Where a picture appears in the data below, exclude it; restate everything else word for word.

[Data — start]

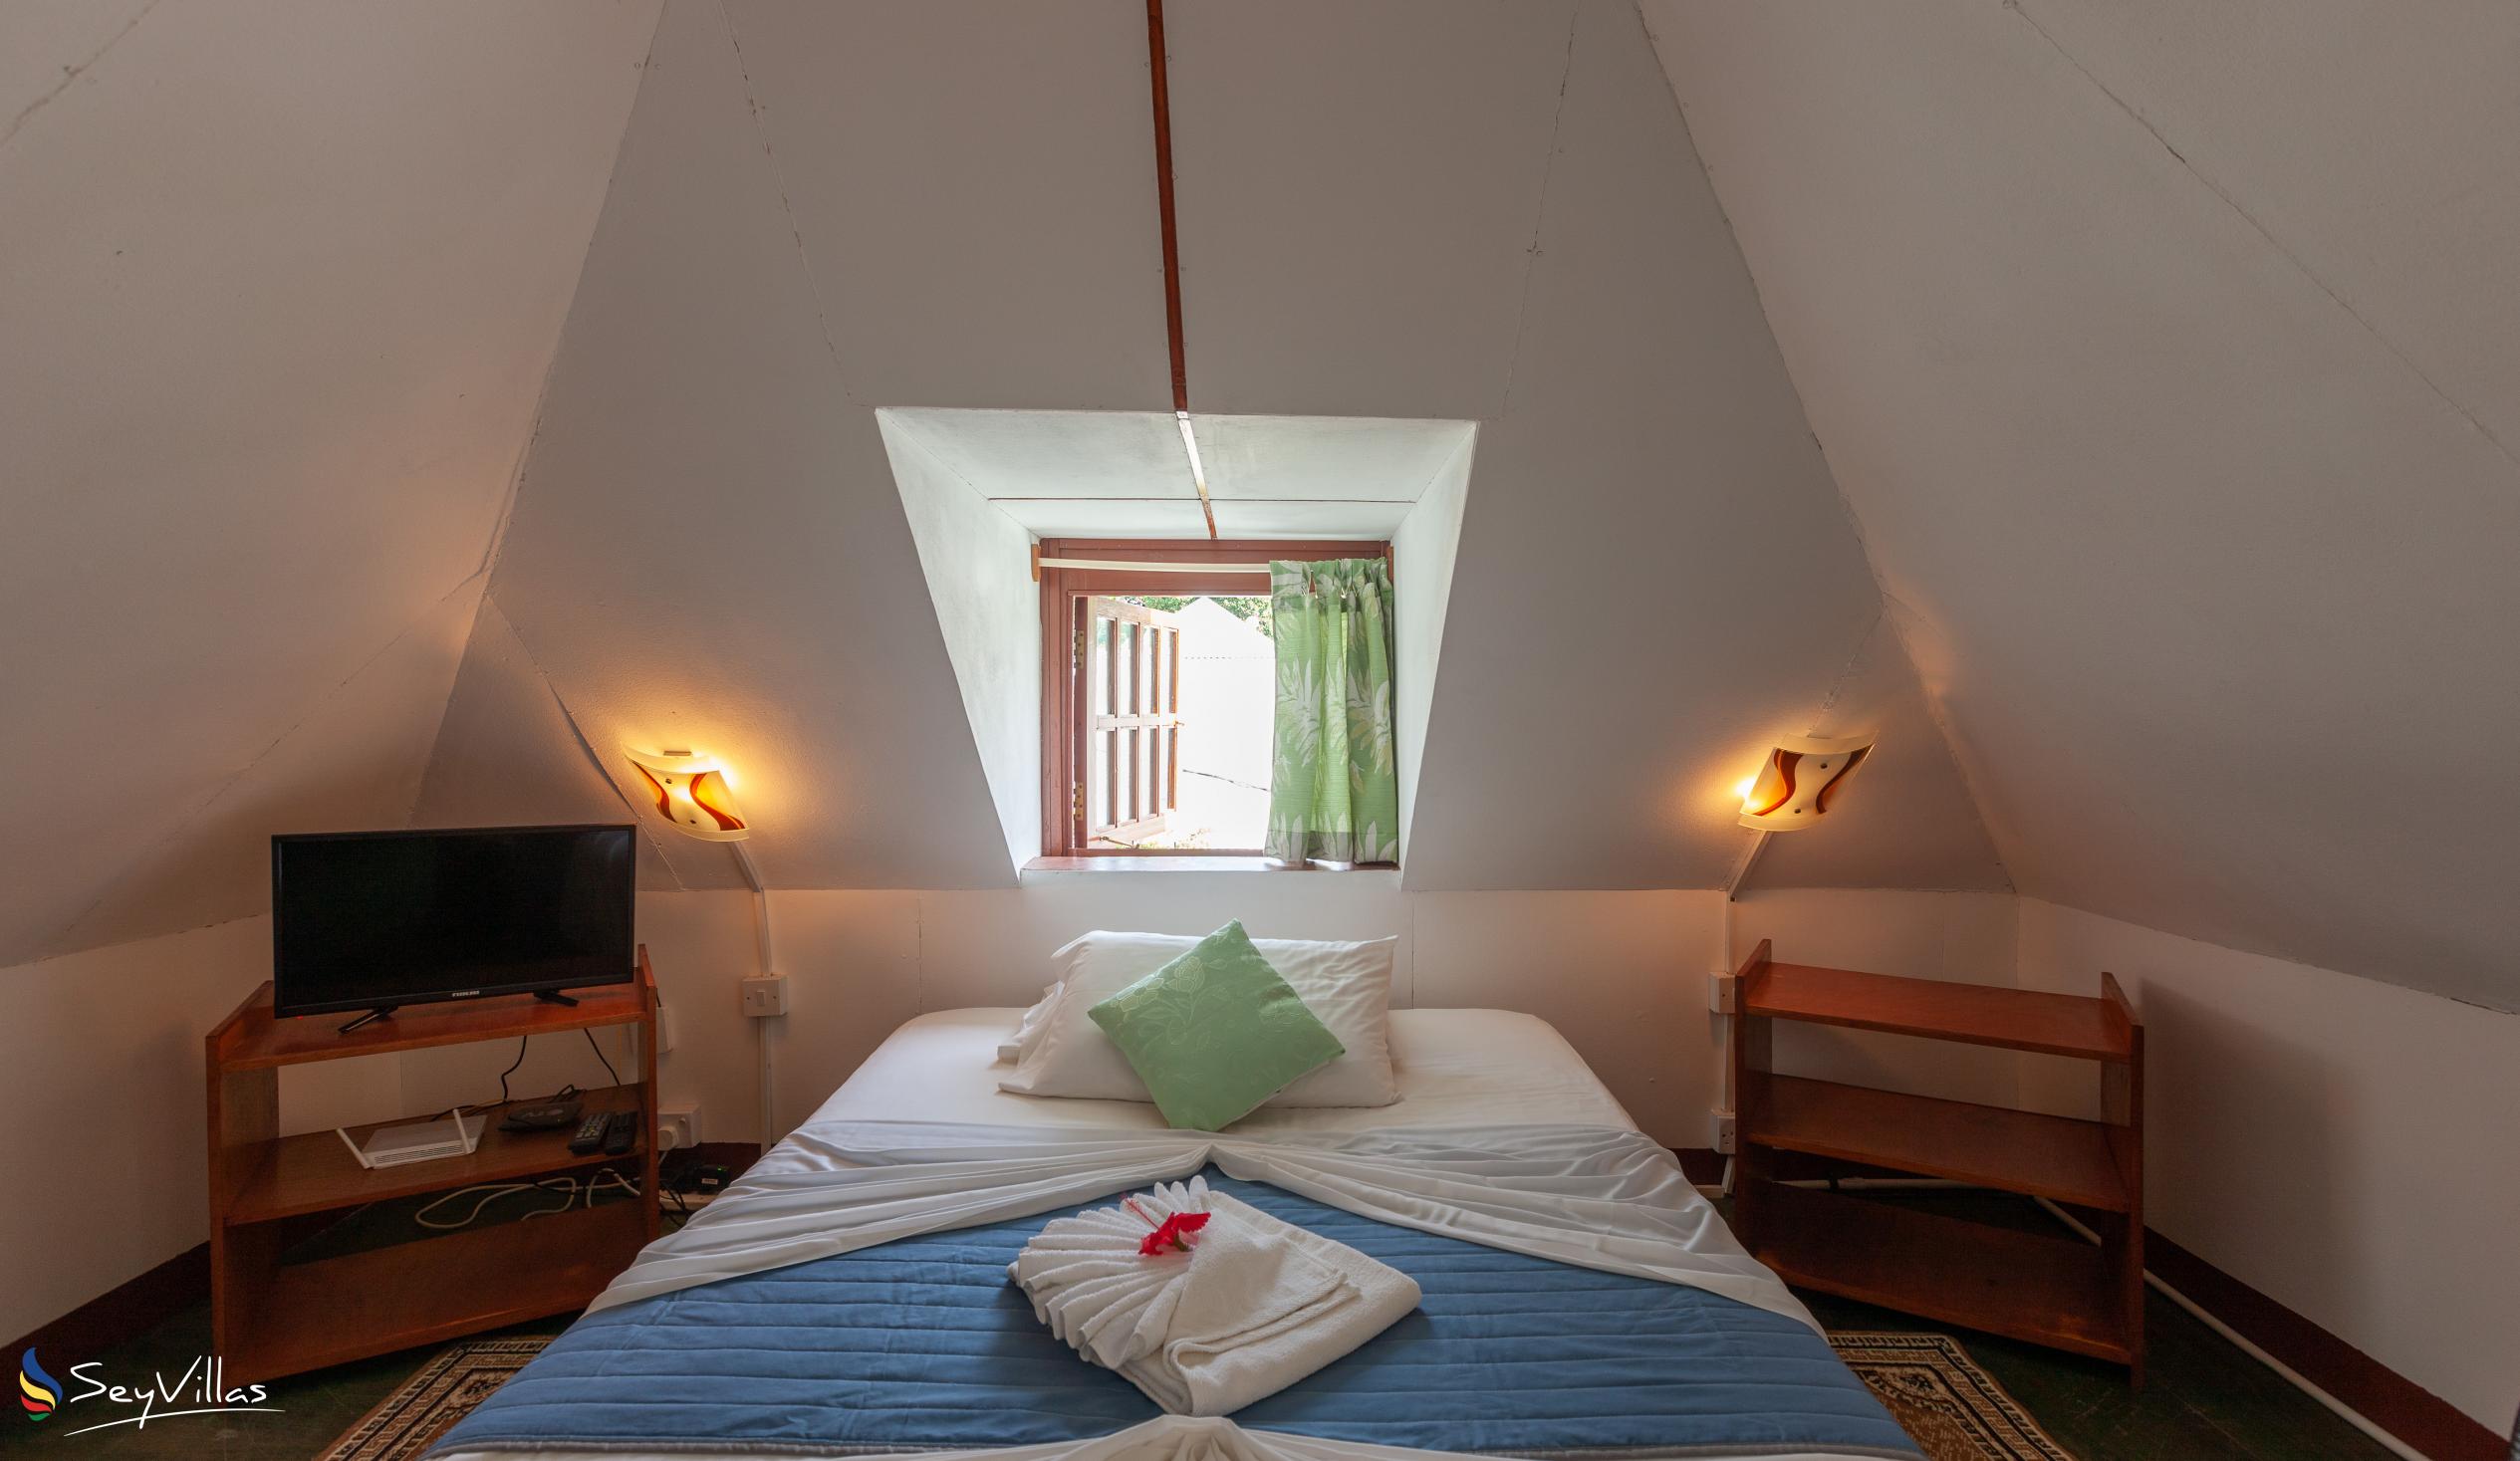 Photo 47: Pension Hibiscus - Maison Alice - Standard Apartment - La Digue (Seychelles)
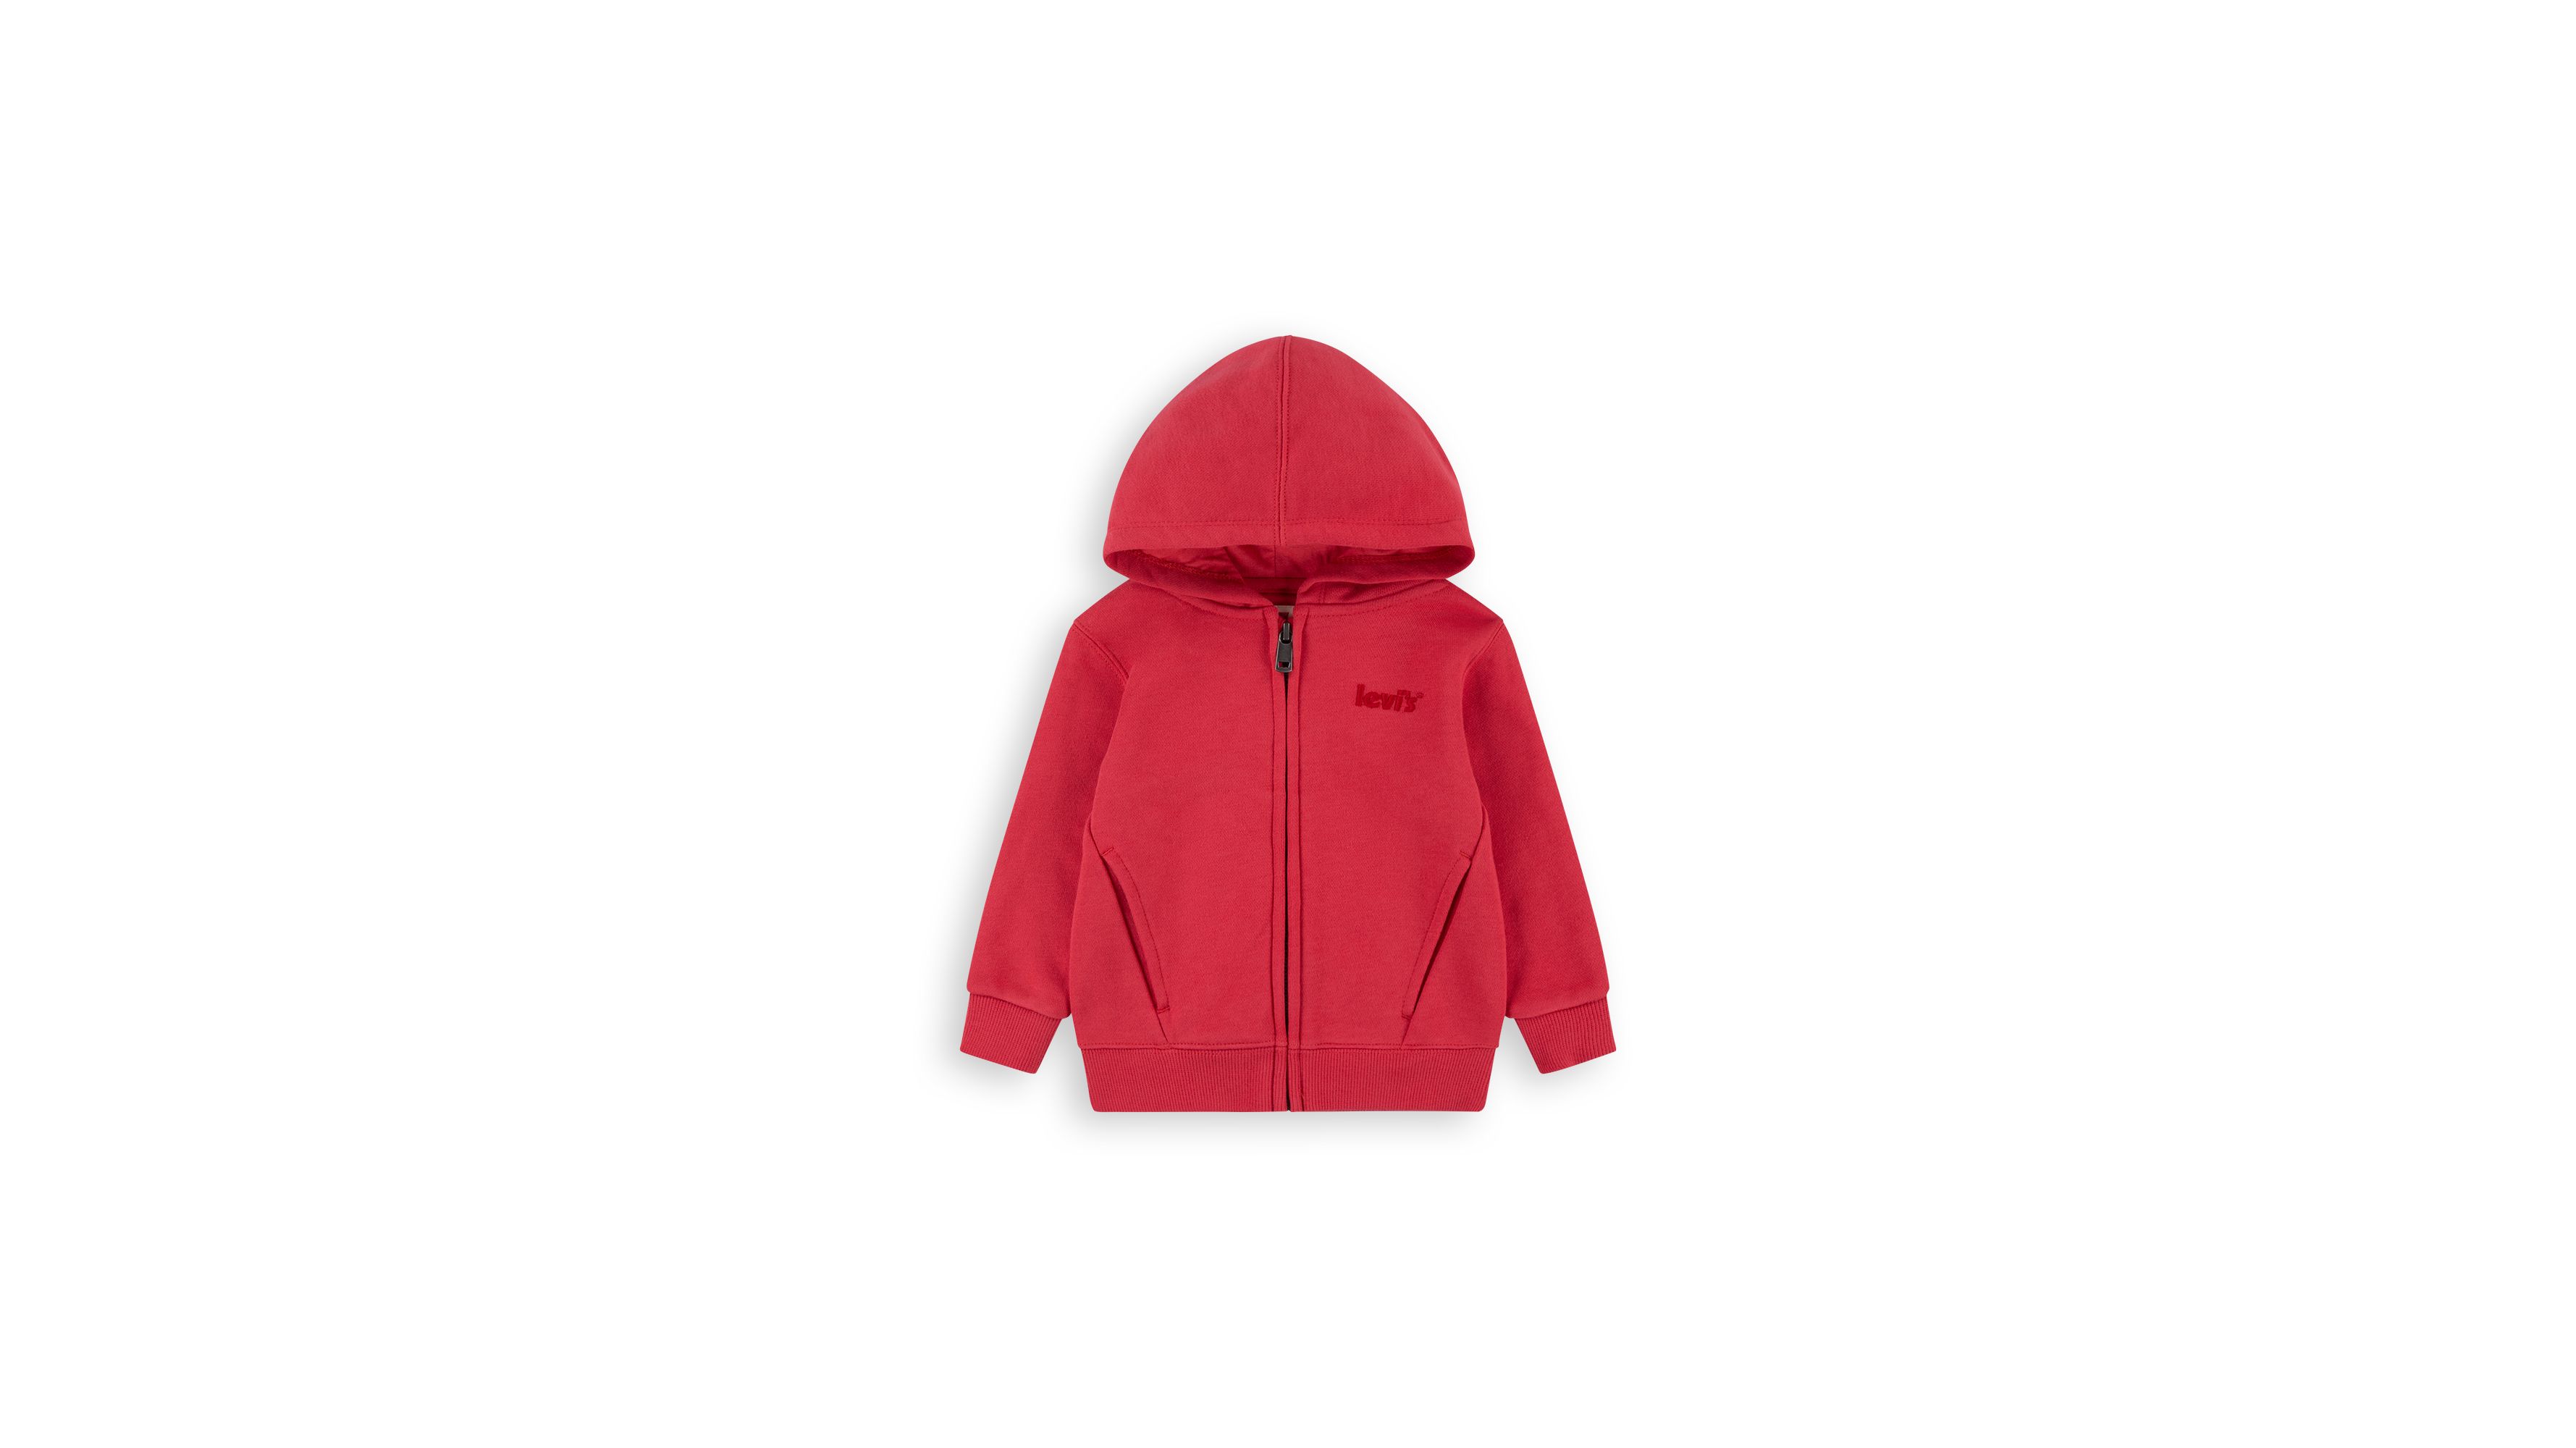 Sudadera con capucha, cremallera y logo, Rojo
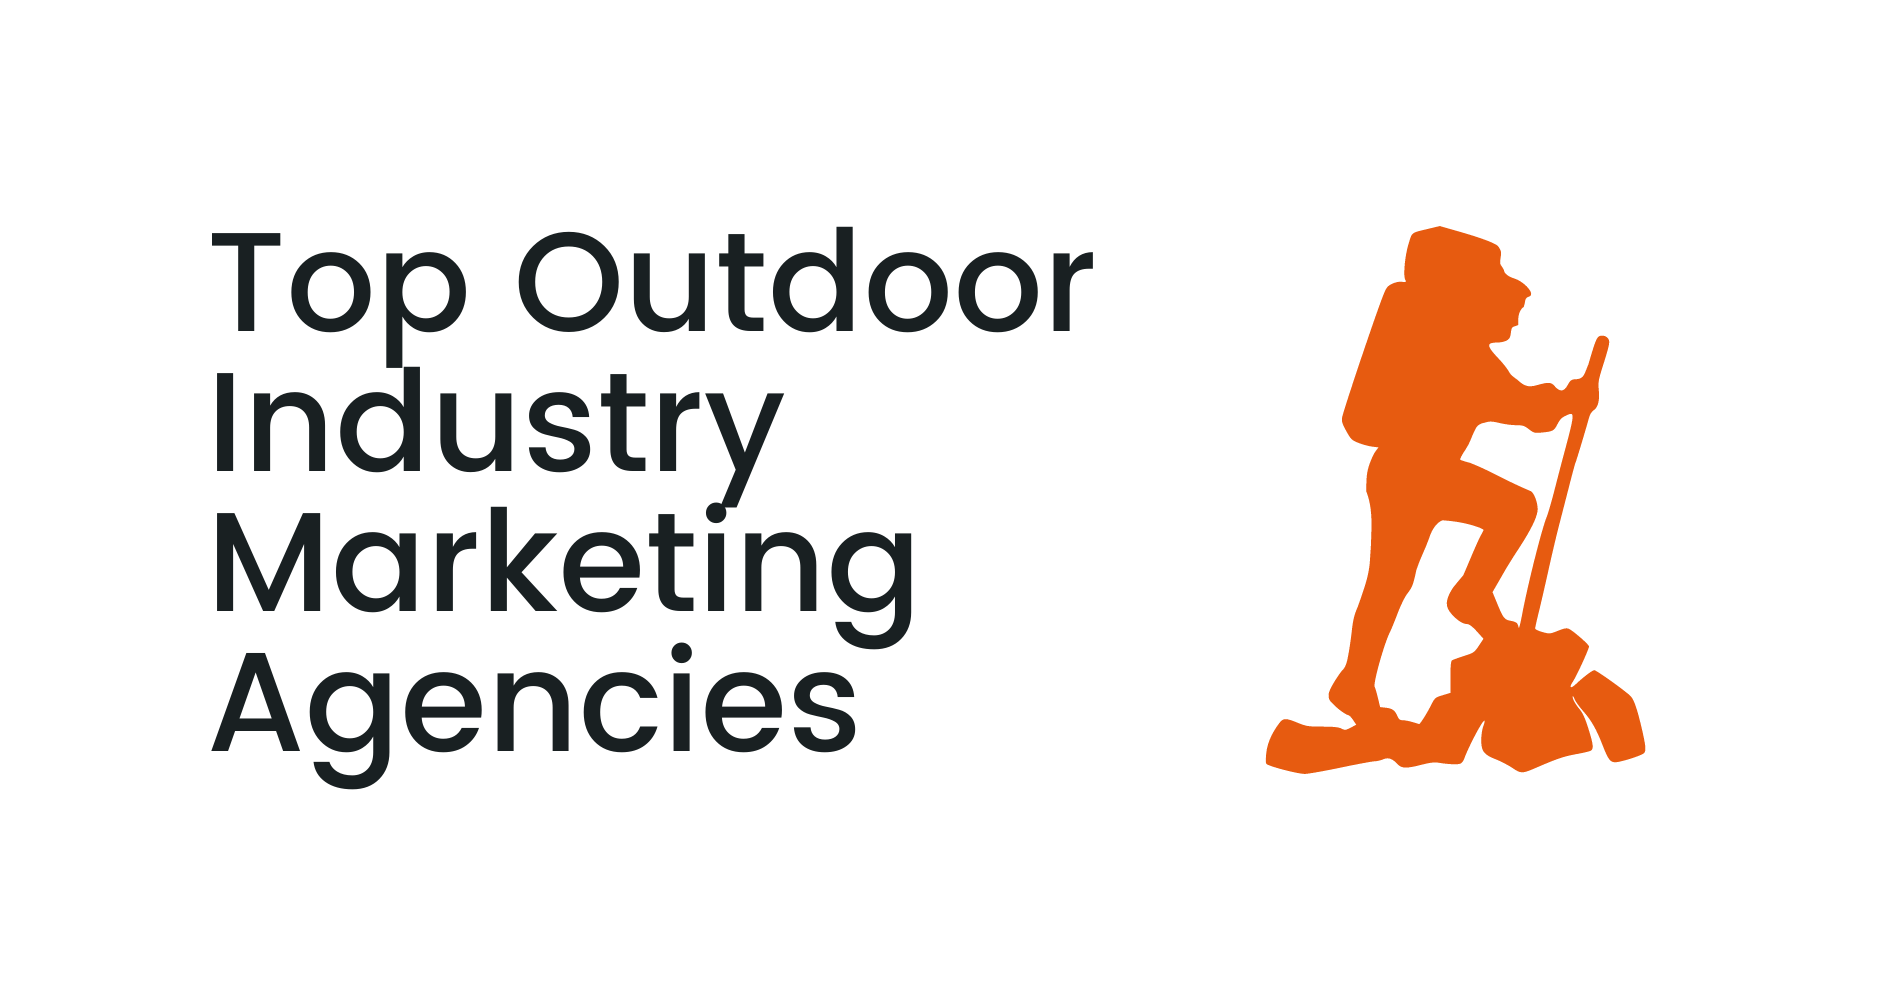 Top Outdoor Industry Marketing Agencies

[Data — finish]

Answer for this exercise –
 Photo 47: Pension Hibiscus - Maison Alice - Standard Apartment - La Digue (Seychelles)
 Sudadera con capucha, cremallera y logo, Rojo
 Top Outdoor Industry Marketing Agencies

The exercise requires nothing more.